Directeurs en lutte

La feuille de route du futur ministre de l'éducation nationale obligera celui-ci à conjuguer rapidement des objectifs ambitieux avec une logique de limitation des dépenses. Des précisions ont été apportées depuis le 6 mai par l'entourage de Nicolas Sarkozy.
    

 

Ainsi, le non-remplacement d'un fonctionnaire sur deux partant en retraite "n'est pas notre objectif prioritaire" dans l'enseignement, confie Emmanuelle Mignon (*), proche conseillère du président. L'évolution des postes devrait donc dépendre de la démographie scolaire. Comme promis, le décret du 12 février de Gilles de Robien, réformant les décharges horaires dans le secondaire, sera "suspendu", au profit d'une grande concertation, "avant les vacances", sur la revalorisation de la condition des enseignants.
  

Toutefois, l'équipe présidentielle envisage de regagner "des effectifs cachés", correspondant aux "enseignants qui ne sont pas devant les élèves". Selon Mme Mignon, cela représenterait "l'équivalent d'une académie". Un rapport rendu mi-mars à M. Sarkozy par Xavier Darcos - cité comme possible ministre - estimait que "20 000 équivalents temps plein de décharges et de mises à disposition sont récupérables". Mais en application du principe "travailler plus pour gagner plus", les enseignants seraient rémunérés pour leur participation aux études dirigées qui doivent être généralisées dès la rentrée, ainsi qu'à différentes tâches pédagogiques.
  

Mme Mignon évoque une prime "selon les résultats des élèves, mais qui peut très bien être attribuée collectivement", ainsi qu'une "vraie surprime" pour les enseignants de l'éducation prioritaire, qu'il s'agit désormais de "refonder". La réduction de 50 % des effectifs d'élèves des établissements les plus difficiles ne concernerait qu'"une cinquantaine d'établissements la première année".
  

La suppression progressive de la carte scolaire, allant de pair avec l'autonomie des établissements, serait d'abord expérimentée dans une dizaine de départements, qui bénéficieraient d'incitations financières. L'objectif de mixité sociale deviendrait une obligation dans les établissements concernés.
   

Enfin, l'abandon du collège unique, traditionnelle attente de la droite enseignante, ne semble pas à l'ordre du jour : M. Sarkozy entend abroger l'apprentissage à 14 ans, et, selon Mme Mignon, il n'est "pas question de sortir du principe selon lequel tous les enfants jusqu'à 16 ans ont une formation générale". Mais l'individualisation des parcours est souhaitée, ainsi que la découverte précoce des métiers.

Luc Cédelle (Le Monde du 18/05/07)      (*) Emmanuelle Mignon Diplômée de l'ESSEC et de l'Institut d'études politiques de Paris, elle sort major de l'ENA en 1995, et devient maître des requêtes au Conseil d'Etat.
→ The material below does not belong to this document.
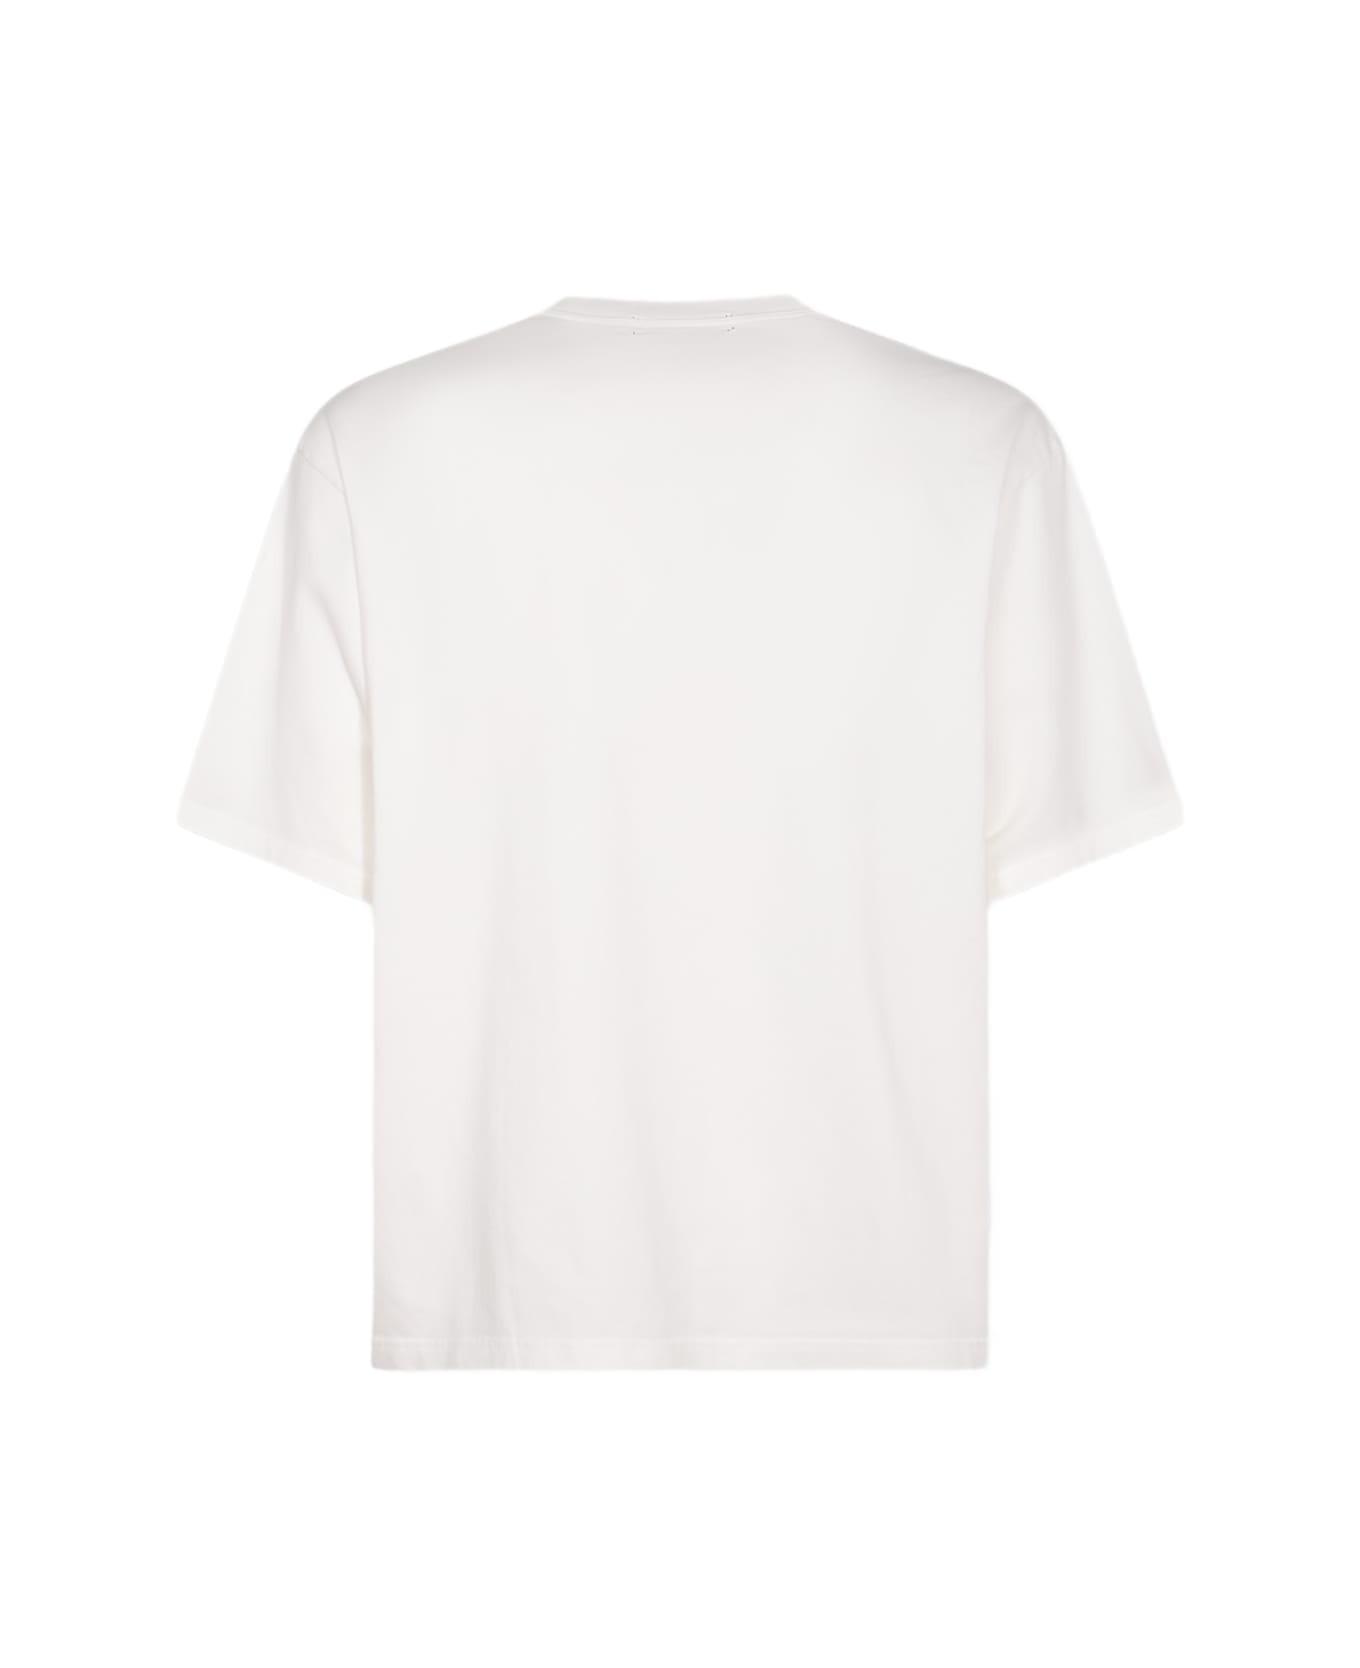 Undercover Jun Takahashi White Cotton Kosmik T-shirt シャツ

En 2002, elle est nommé conseillère au cabinet du ministre de l'Intérieur Nicolas Sarkozy, et parallèlement devient en novembre 2004 directrice des études de l'UMP : elle est notamment chargée des discours et de l'élaboration du projet de l'UMP en vue des élections présidentielle et législatives de 2007.

 

Xavier Darcos est un ministre expérimenté : il avait déjà été ministre délégué au coté de Luc Ferry où il avait montré une bonne connaissance des dossiers. Il avait dû inaugurer la politique de réduction de postes lancée par J.P. Raffarin. Il en reste une certaine impopularité chez les enseignants : selon un sondage Ifop de février 2007, son action rue de Grenelle avait été notée 7,3 / 20 par les enseignants, soit à peine plus que Gilles de  Robien (7) et… François Fillon (6,9). Il a également co-rédigé avec Philippe Meirieu un ouvrage (Deux voix pour une école, Desclée de Brouwer) où les deux hommes opposent  leurs conceptions sur l'Ecole. Il y défend des positions conservatrices avec une certaine modération.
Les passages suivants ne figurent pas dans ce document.